Unitat d'Histologia i Neurobiologia (UHNEUROB), Facultat de Medicina i Ciències de la Salut, Universitat Rovira i Virgili, Sant Llorenç 21, 43201 Reus, Spain.
Cells. 2021 Jun 4;10(6):1384. doi: 10.3390/cells10061384.
During the development of the nervous system, synaptogenesis occurs in excess though only the appropriate connections consolidate. At the neuromuscular junction, competition between several motor nerve terminals results in the maturation of a single axon and the elimination of the others. The activity-dependent release of transmitter, cotransmitters, and neurotrophic factors allows the direct mutual influence between motor axon terminals through receptors such as presynaptic muscarinic ACh autoreceptors and the tropomyosin-related kinase B neurotrophin receptor. In previous studies, we investigated the synergistic and antagonistic relations between these receptors and their downstream coupling to PKA and PKC pathways and observed a metabotropic receptor-driven balance between PKA (stabilizes multinnervation) and PKC (promotes developmental axonal loss). However, how much does each kinase contribute in the developmental synapse elimination process? A detailed statistical analysis of the differences between the PKA and PKC effects in the synapse elimination could help to explore this point. The present short communication provides this analysis and results show that a similar level of PKA inhibition and PKC potentiation would be required during development to promote synapse loss.
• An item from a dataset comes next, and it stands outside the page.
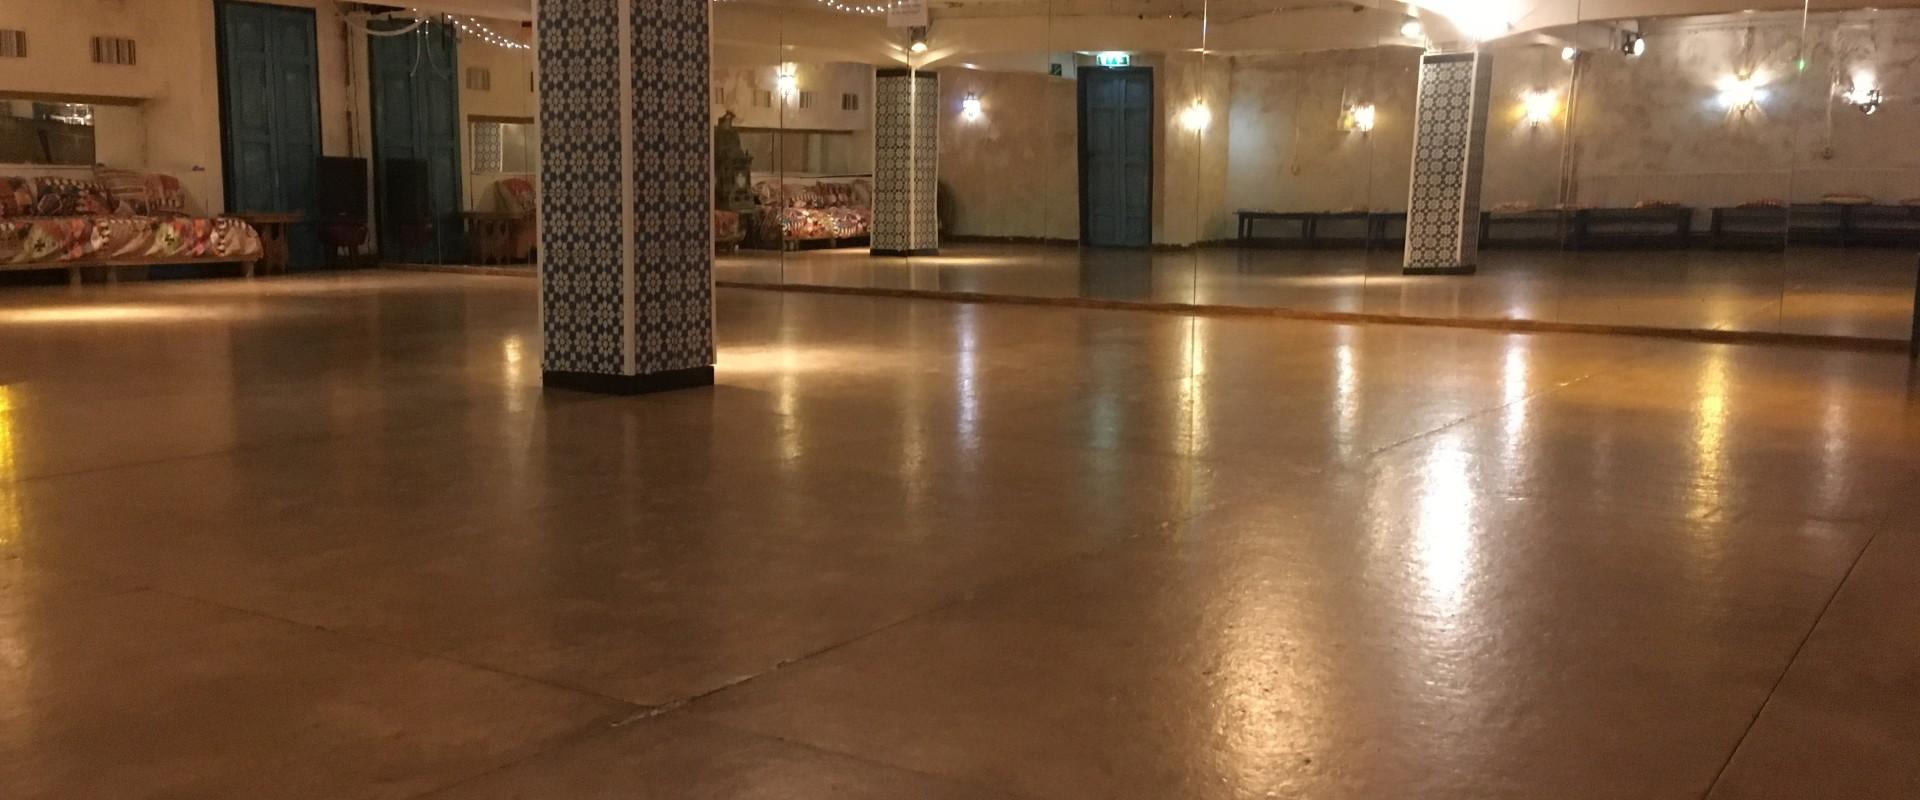 Een nieuwe studio voor de buikdansles in Utrecht

在神经系统发育过程中,突触发生过剩,但只有适当的连接才能巩固。在神经肌肉接头处,几个运动神经末梢之间的竞争导致单个轴突的成熟和其他轴突的消除。递质、共递质和神经营养因子的活性依赖性释放允许通过受体(如突触前毒蕈碱 ACh 自身受体和原肌球蛋白相关激酶 B 神经营养因子受体)在运动轴突末端之间进行直接的相互影响。在以前的研究中,我们研究了这些受体之间的协同和拮抗关系及其下游与 PKA 和 PKC 途径的偶联,并观察到 PKA(稳定多神经支配)和 PKC(促进发育性轴突丢失)之间代谢型受体驱动的平衡。然而,每种激酶在发育性突触消除过程中贡献多少?对 PKA 和 PKC 效应在突触消除中的差异进行详细的统计分析可以帮助探讨这一点。本简短交流提供了这种分析,结果表明,在发育过程中需要类似水平的 PKA 抑制和 PKC 增强来促进突触丢失。